RECORDS FOR THE EXERCISE.
= = =
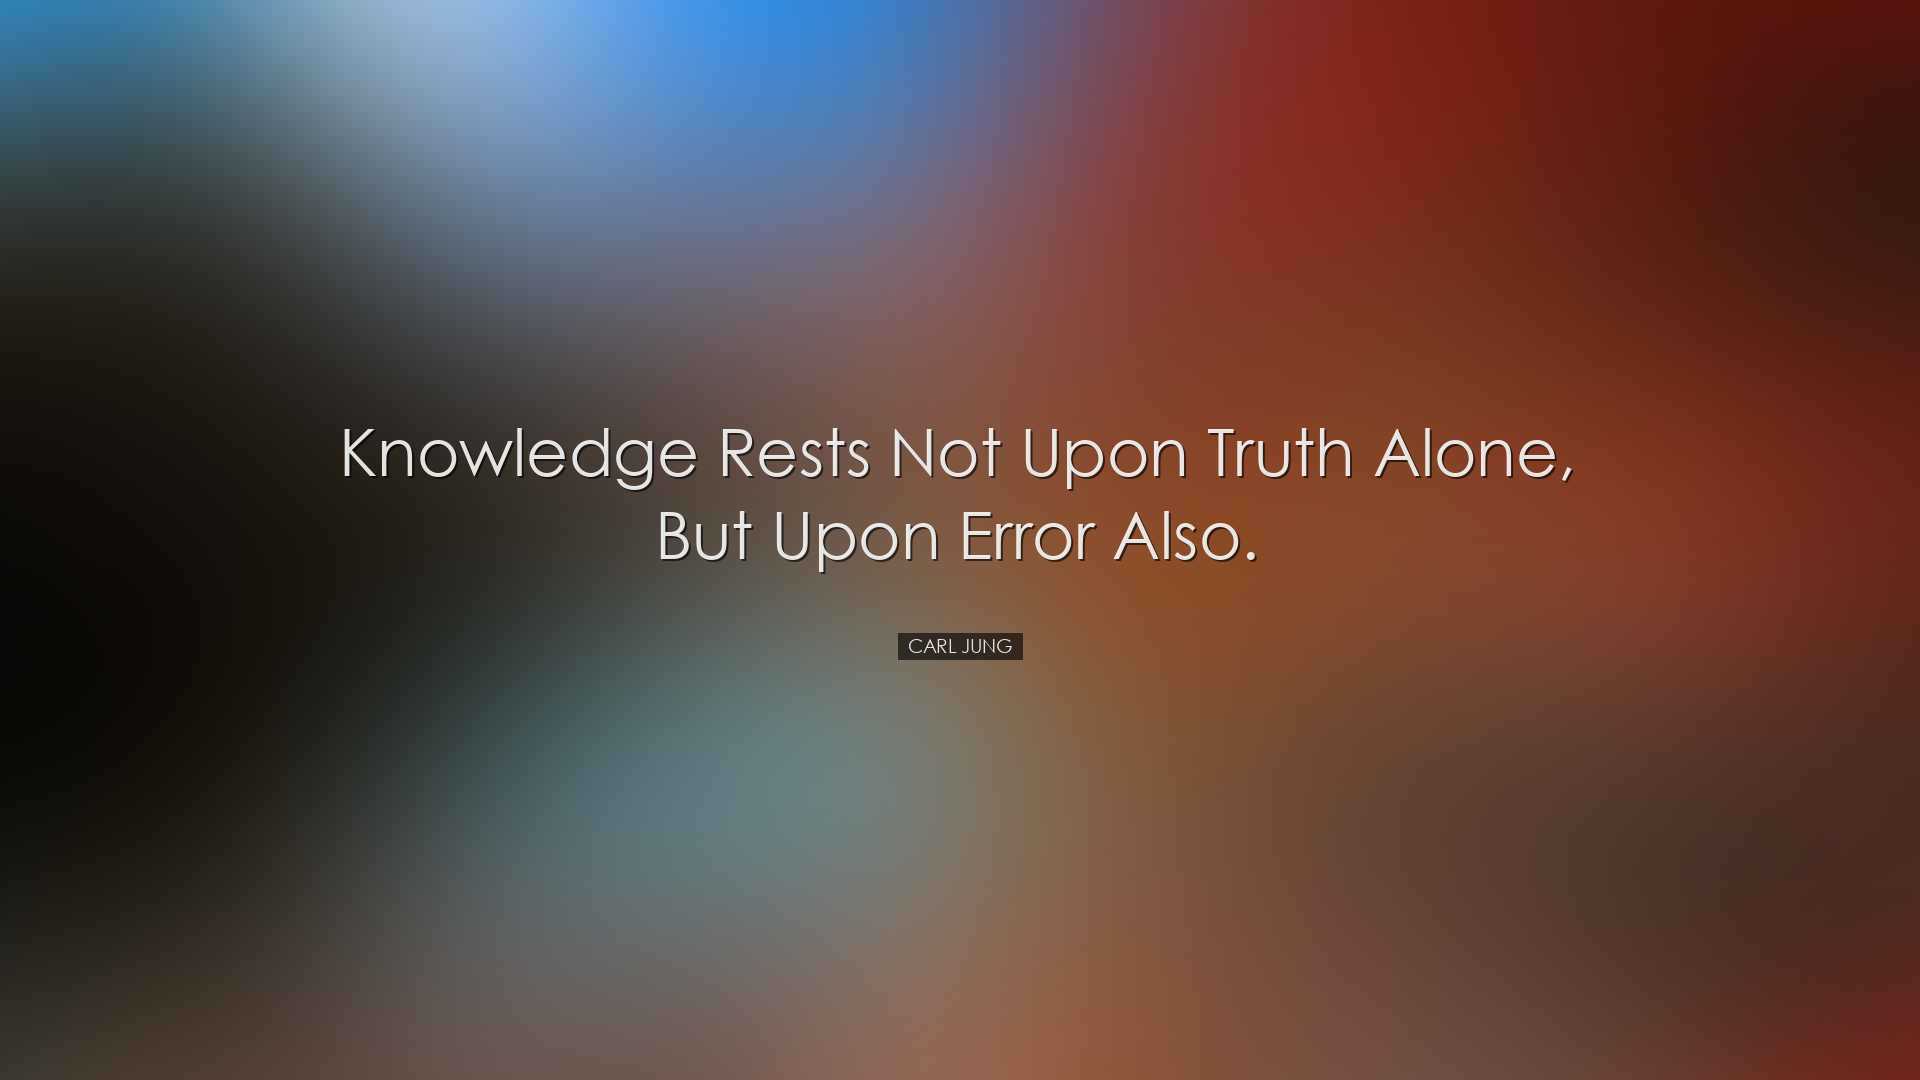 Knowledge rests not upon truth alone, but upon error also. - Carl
= = =
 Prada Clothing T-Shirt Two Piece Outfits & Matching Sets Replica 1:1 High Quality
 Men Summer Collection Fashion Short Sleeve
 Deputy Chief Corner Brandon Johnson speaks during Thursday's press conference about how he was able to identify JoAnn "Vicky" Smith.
= = =
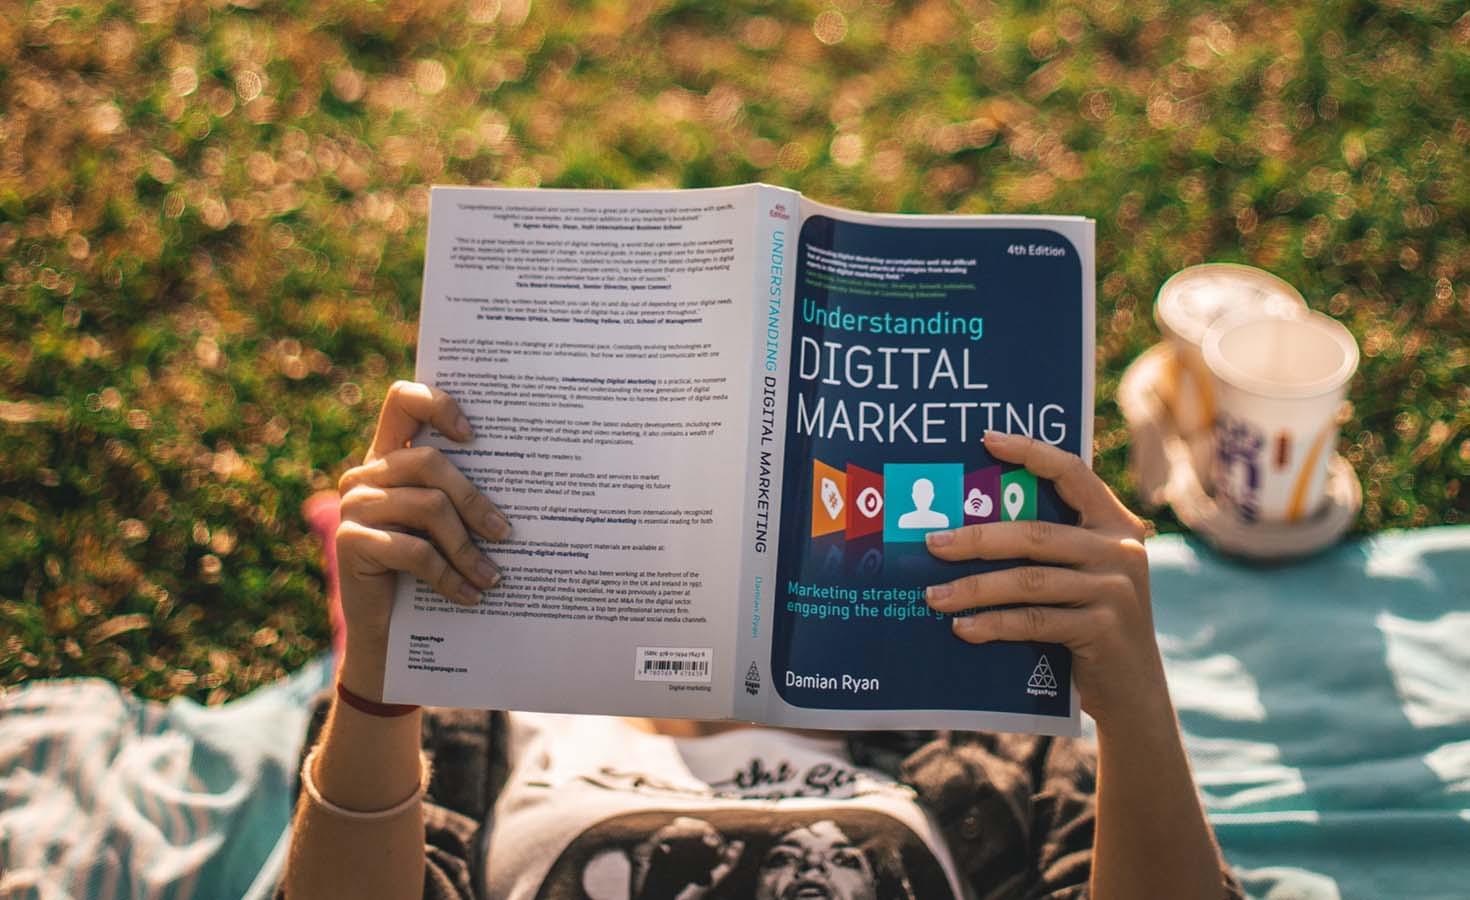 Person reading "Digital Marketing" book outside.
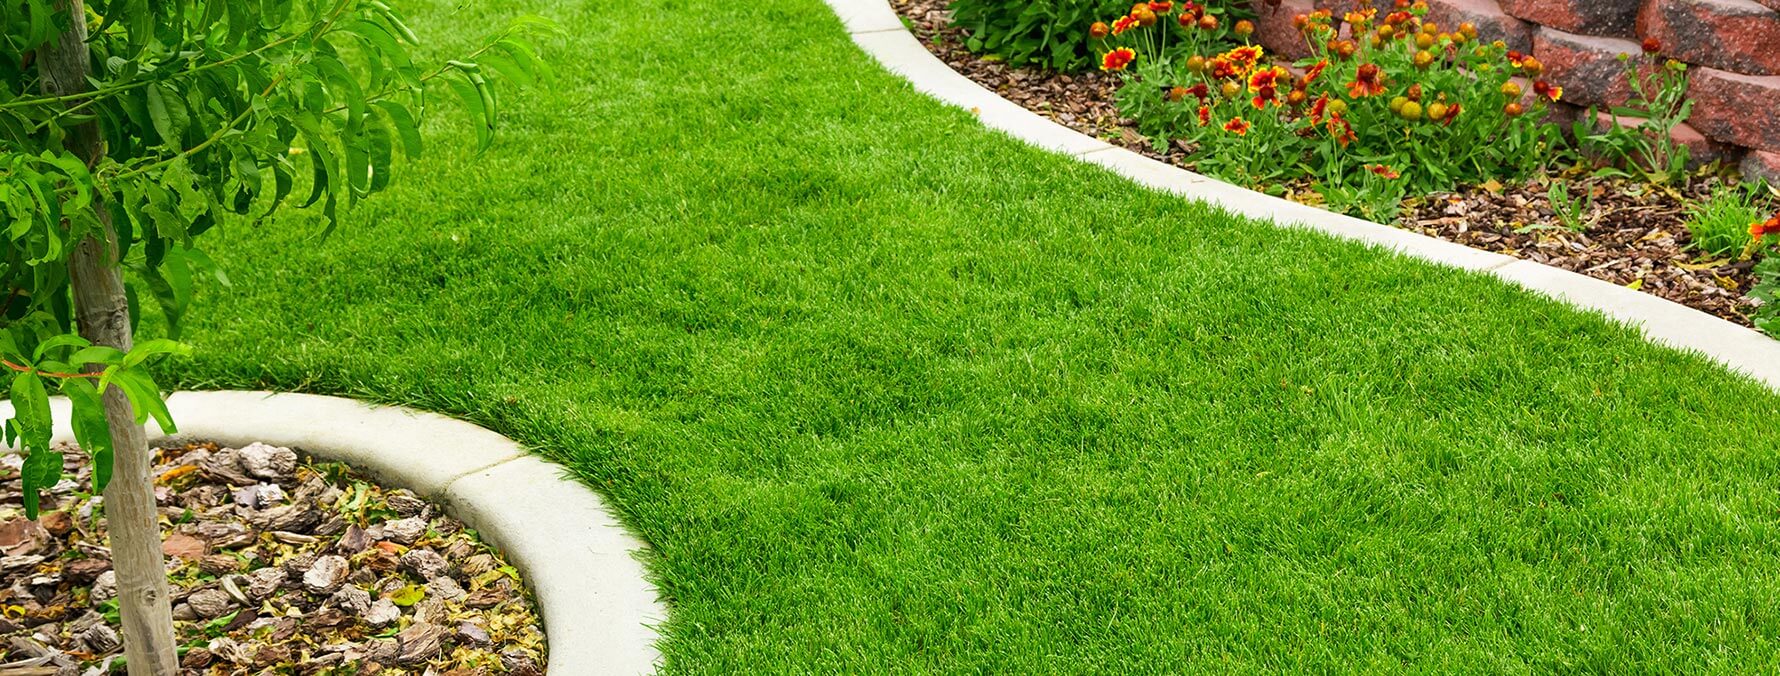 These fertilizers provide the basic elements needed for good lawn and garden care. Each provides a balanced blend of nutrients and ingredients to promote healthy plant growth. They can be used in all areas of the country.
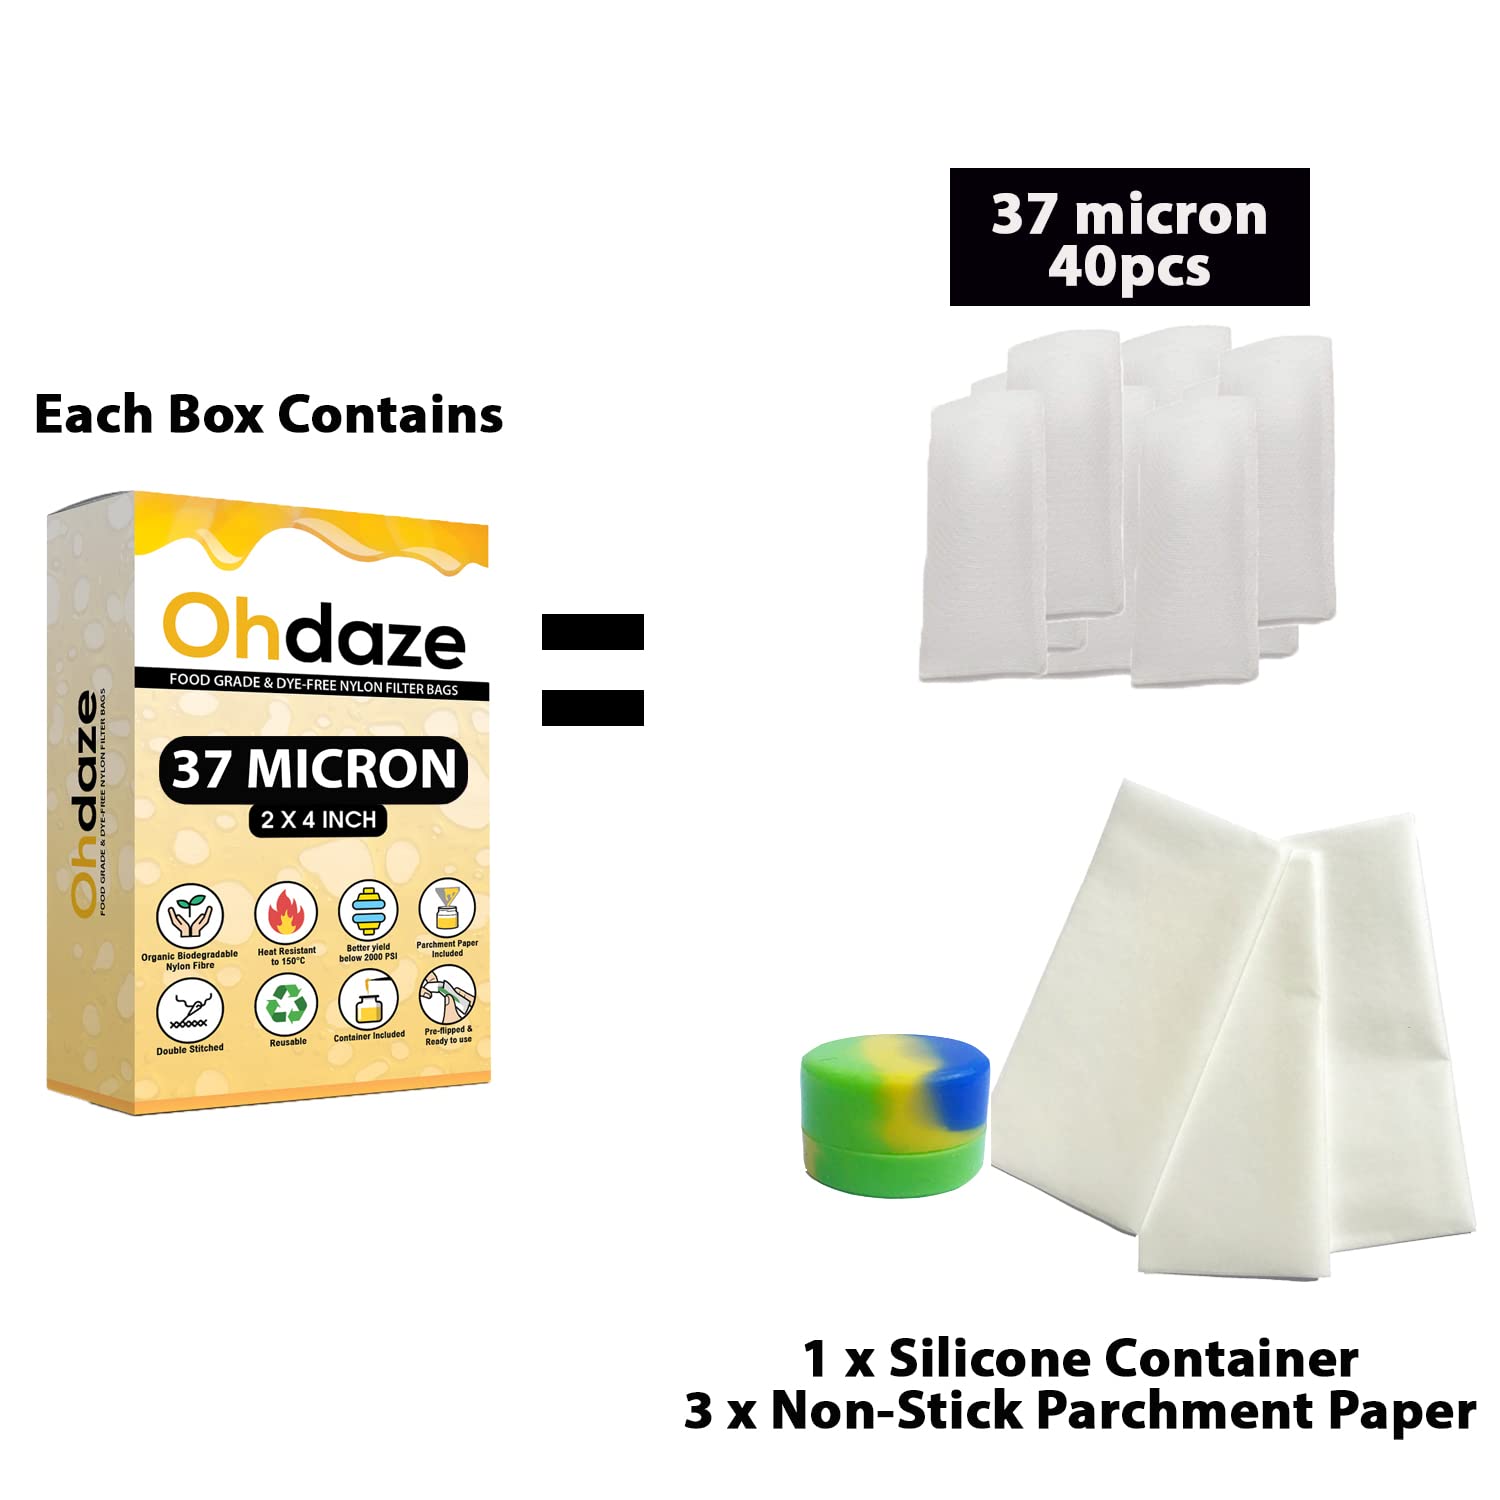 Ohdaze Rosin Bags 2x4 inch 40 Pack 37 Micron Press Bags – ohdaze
= = =
TASK STATEMENT.
Reproduce exactly the section above that begins at the line containing "Prada Clothing T-Shirt" and ends at the line containing "Deputy Chief Corner", leaving out all other lines.

SOLUTION TO THIS TASK.
 Prada Clothing T-Shirt Two Piece Outfits & Matching Sets Replica 1:1 High Quality
 Men Summer Collection Fashion Short Sleeve
 Deputy Chief Corner Brandon Johnson speaks during Thursday's press conference about how he was able to identify JoAnn "Vicky" Smith.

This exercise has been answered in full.